Our study also had several limitations. First, the FED treated in private clinics could not be included. However, misclassification of FED might be expected to be non-differential by maternal diabetes and therefore are more likely to influence our results toward the null. Second, the potential misclassification bias might also remain for maternal diabetes. Before 1986, type 1 and type 2 diabetes were recorded using the same ICD-8 codes.28 We further validated the diagnosis by using the specific register information for diabetes later and previous studies have indicated the high validity of Danish diabetic diagnosis in epidemiological studies.
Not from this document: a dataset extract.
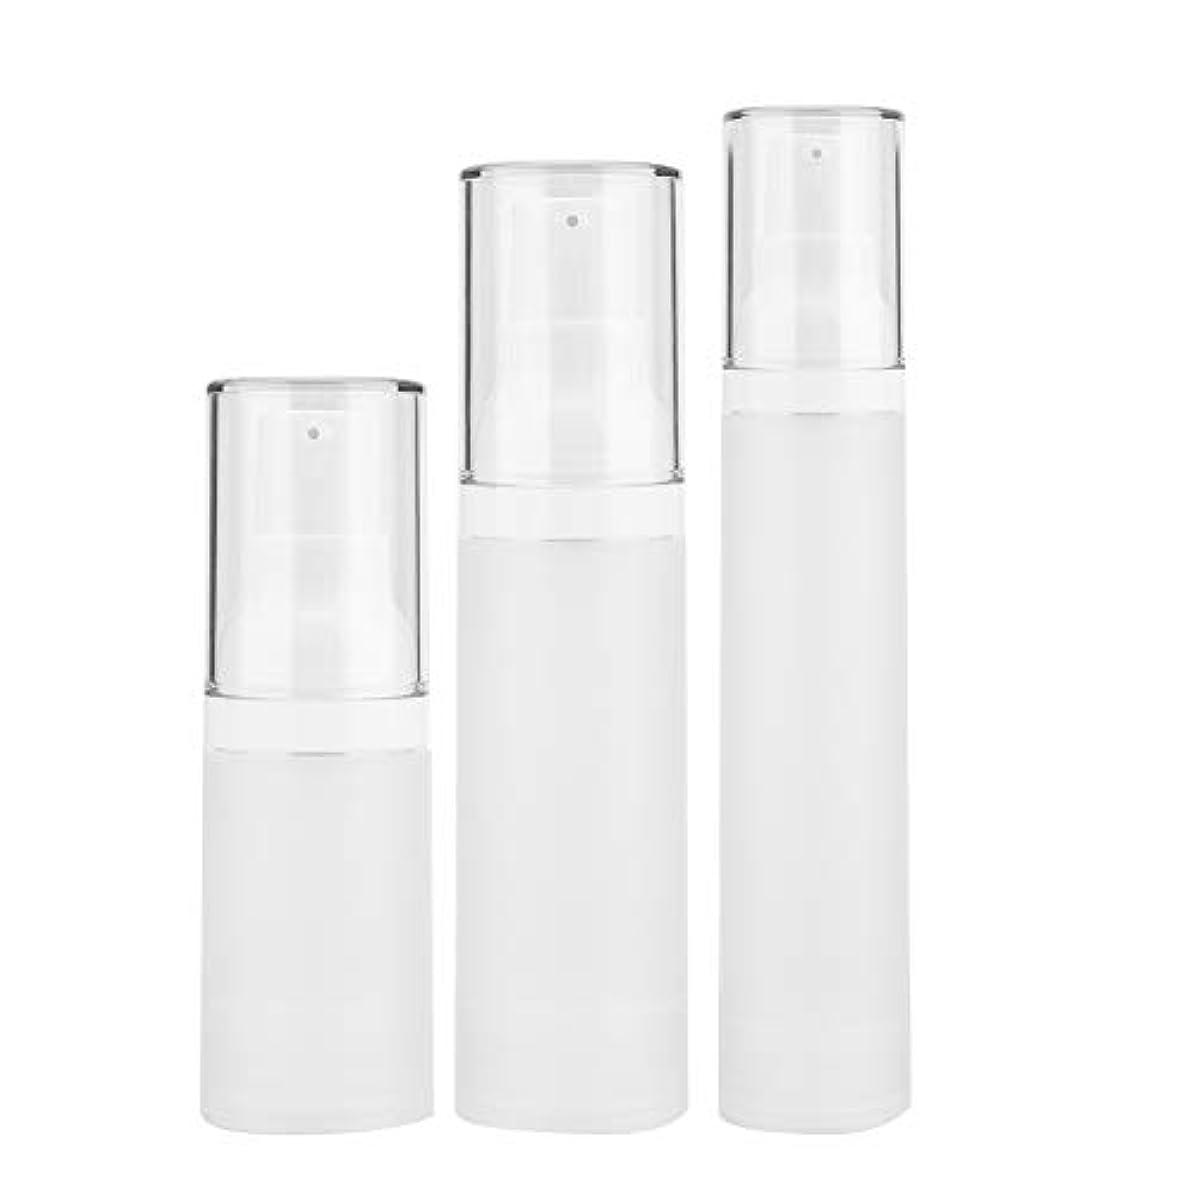 エキゾチック暗黙契約する3本入りトラベルボトルセット - 化粧品旅行用容器、化粧品容器が空の化粧品容器付きペットボトル - シャンプーとスプレー用(3 pcs)

Third, although we adjusted for relevant confounders, as in other observational studies, we cannot completely rule out the possibility of residual confounding by unmeasured confounders. However, the cosibling analyses showed that they were not explained by unmeasured shared familial factors. In addition, no significant association between paternal diabetes further suggested the findings are unlikely to be explained by the uncontrolled confounding completely. Lastly, pregestational diabetes with complications could indicate severity of diabetes, poor glycemic control or duration of exposure to hyperglycemia. However, due to lack of detailed information on these factors, we could not explore further on this issue and further research is warranted.